The defendants seemed aware that they were engaging in risky behavior.

“You gotta be careful cause you gotta make sure you do it through workers they trust, that’s not gonna talk, because remember a guy went to jail for that,” Mr. Peek told Mr. Riza at one point, according to the indictment.

The defendants appeared hopeful that their donations would help them win contracts on a development project. In July 2021, Mr. Riza forwarded an email advertising the project to Mr. Montgomery.

“FYI! This is the one I want, Safety, Drywall, and Security one project but we all can eat!” Mr. Riza wrote, the indictment says.

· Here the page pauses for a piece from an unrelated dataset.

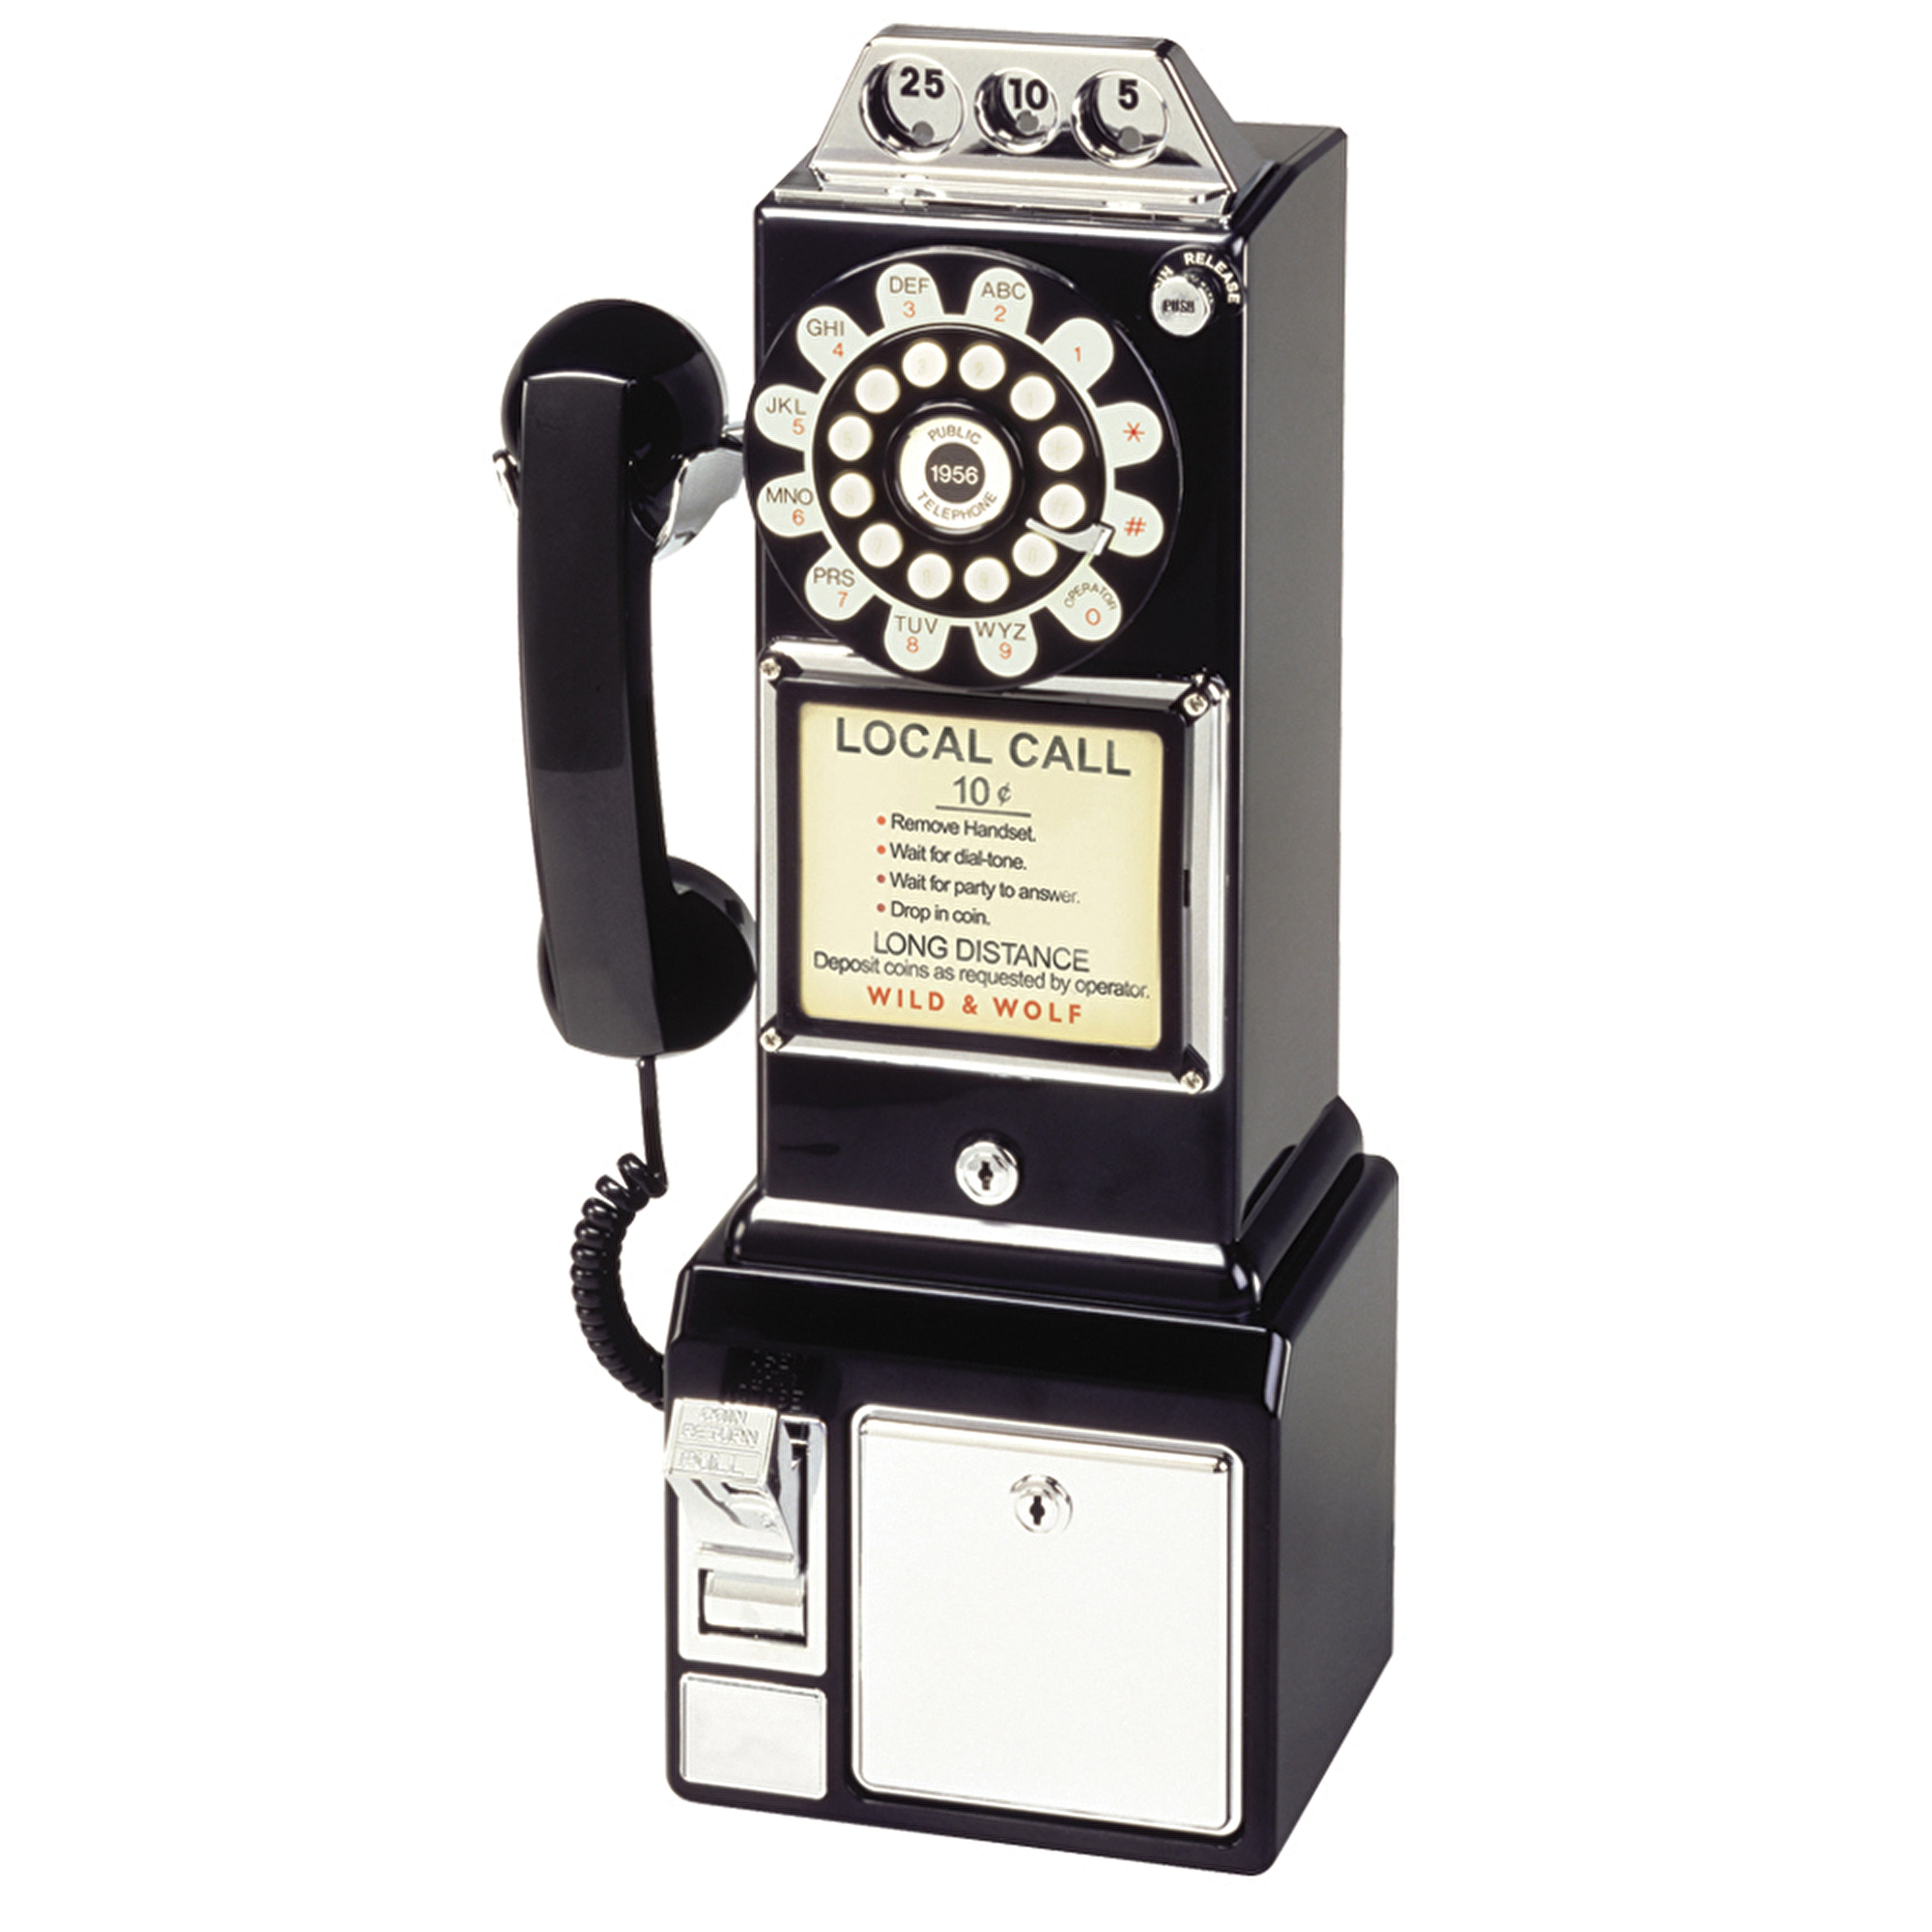 TELEPHONE VINTAGE DINER - Téléphone rétro diner américain.

It was unclear whether Mr. Adams appeared at the fund-raisers. But Mr. Montgomery told Mr. Riza that the mayor would be more likely to do so if they could promise a certain amount of money would be raised, a practice that is not uncommon among politicians.

Mr. Adams “doesn’t want to do anything if he doesn’t get 25 Gs,” Mr. Montgomery said, according to the indictment.

Mr. Adams’s campaign said Mr. Montgomery appeared to be referring to the standard amount expected of hosts for a general election fund-raiser.

In a July 2021 phone call, Mr. Riza told Mr. Peek: “I know what the campaign finance laws is. Make sure it’s $1,000 in your name and $1,000 in another person’s name because the matching funds is eight-to-one, so $2,000 is $16,000.”